Все силы брошены на поиск этого мерзавца Аймара Берасарте, и его вот-вот обнаружат. Однако на душе было неспокойно. Они что-то упускают. Они с Айтором проверили хронологию событий, и у журналиста есть алиби на время убийства Арасели и Чаро. Тысячи слушателей слышали его в прямом эфире.
За окном показались причалы и заброшенная фабрика Муруэты. Чувство вины усилилось. Возможно, Хулия ужа мертва. Она и ее подвела.
— Хулия, — тихонько выдохнула она.
Внезапно она задумалась о связи Хулии с этим делом.

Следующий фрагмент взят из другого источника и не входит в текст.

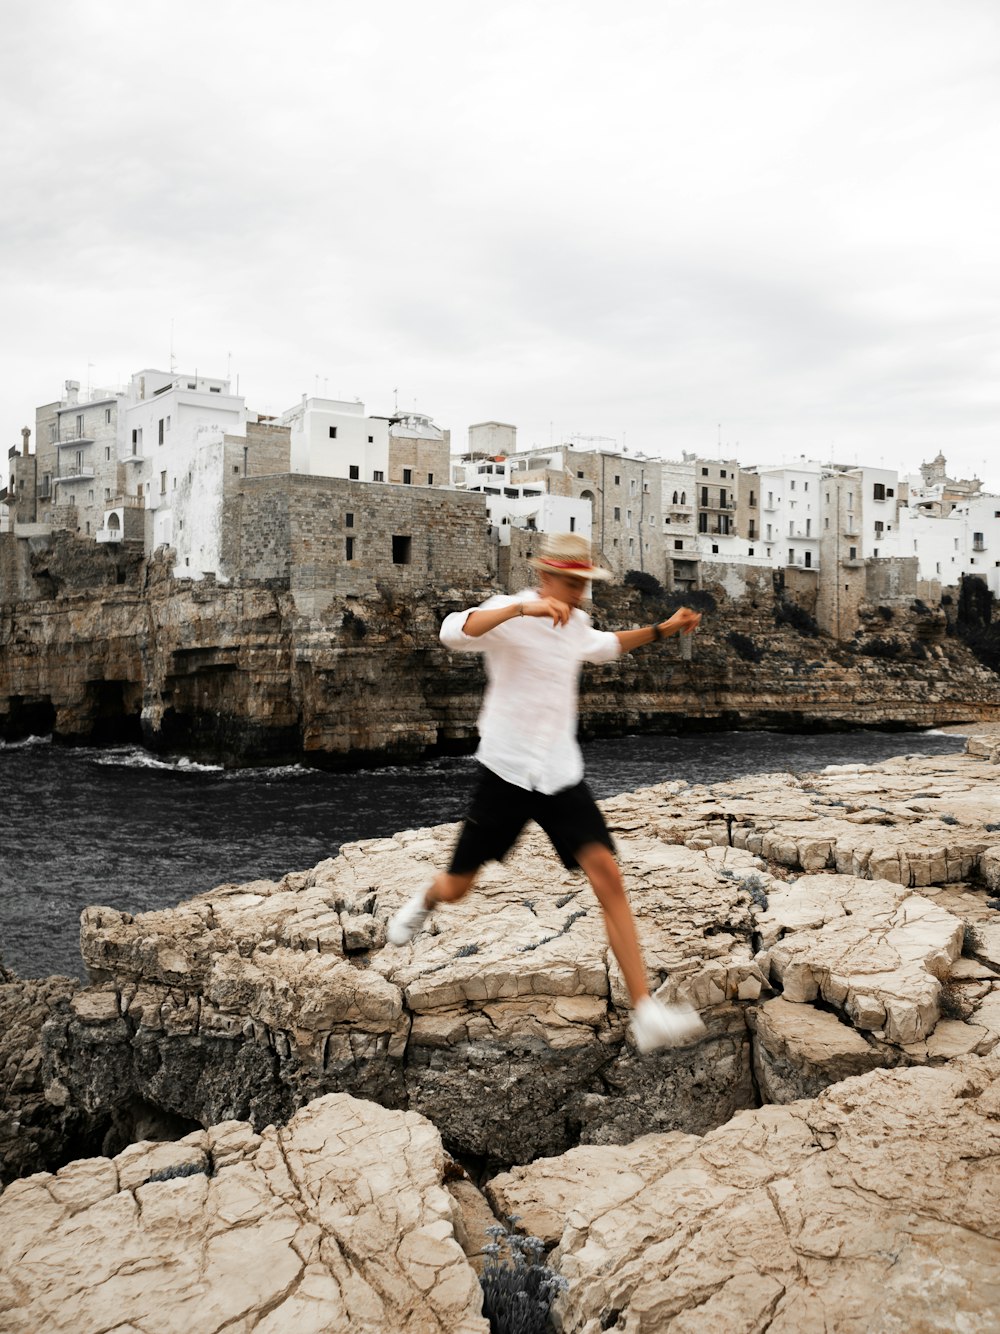 a man jumping on a rocky beach
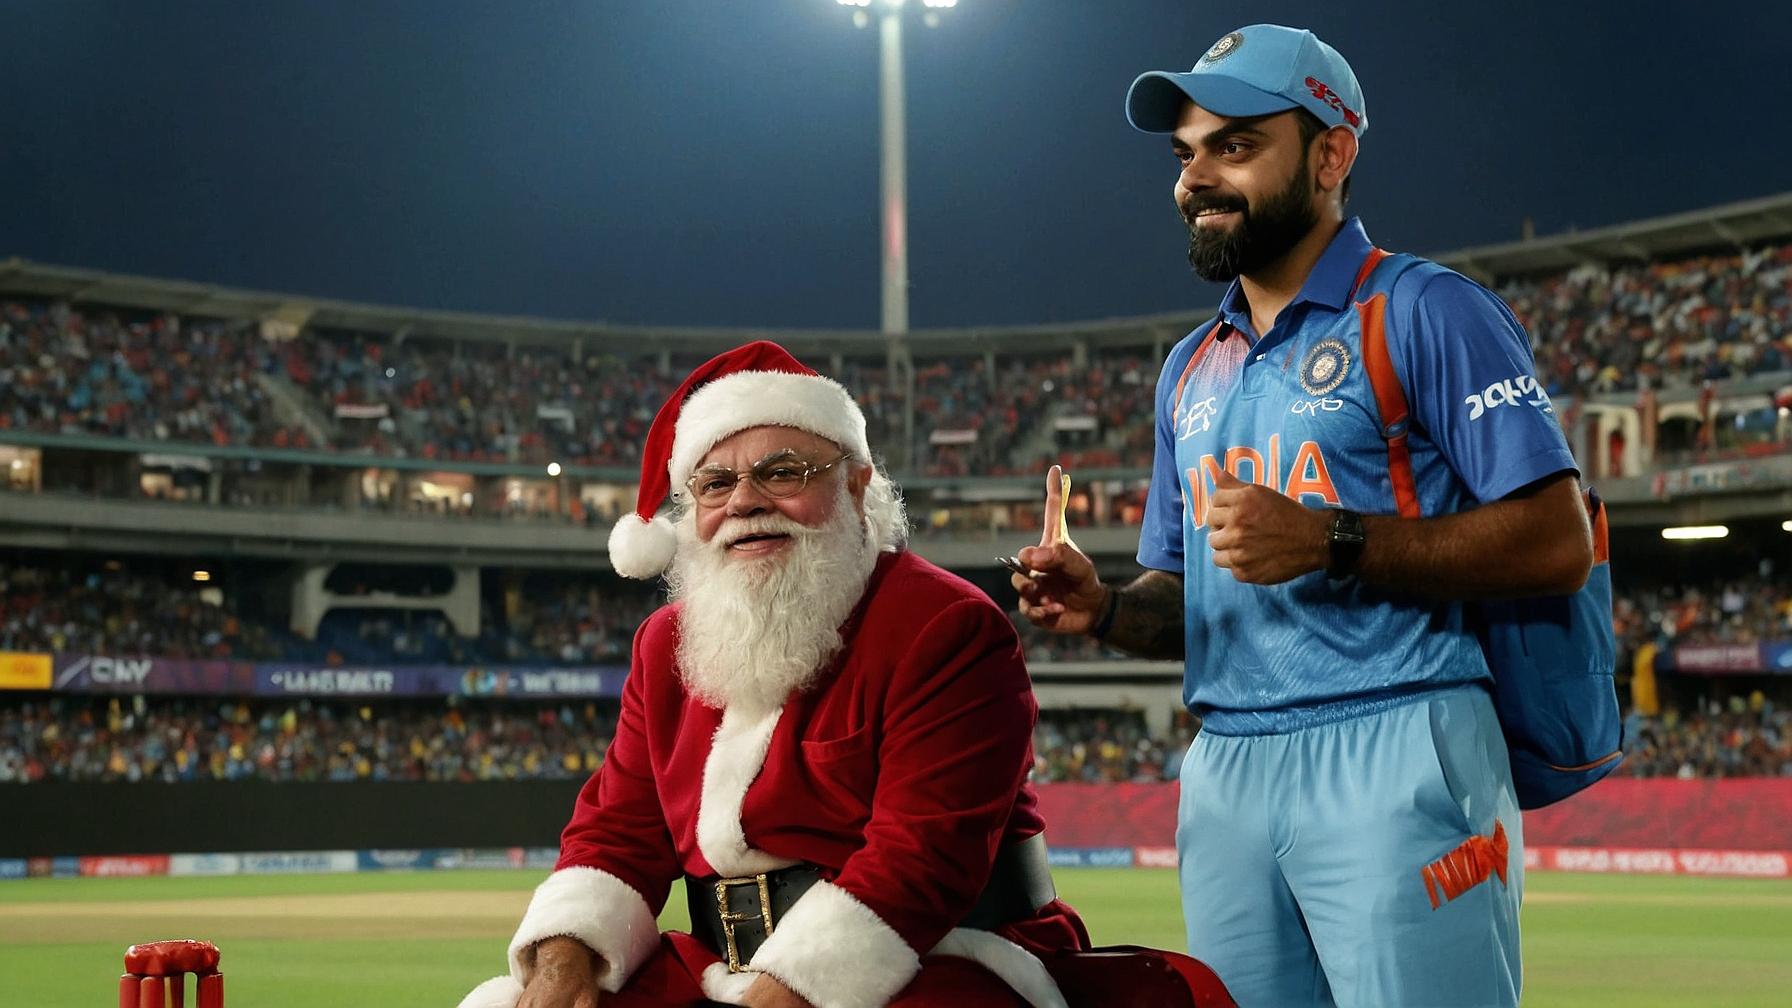 Santa Claus with Virat Kohli

Что, если ее не похитили, что, если убийца, которого они ищут, — женщина? Дочь, которая не остановится, пока не убьет свою настоящую мать…
Поезд остановился в Сан-Кристобале. Три пожилые женщины вышли, в вагон зашел старик в очках и берете. Несколько высоток, поспешно возведенных в шестидесятых годах для рабочих, приехавших издалека, на мгновение испортили вид.
Нет, это невозможно. Хулия не убийца.
Сестеро снова набрала номер Рауля. Длинные гудки остались без ответа. Как и раньше.
Черт.
Ей совсем не нравилась эта тишина. Скорее всего, Рауль сейчас под водой, среди крабов и угрей, и до сих пор ничего не знает о Хулии. Когда придут новости, он не сможет простить себя за то, что не участвовал в поисковой операции.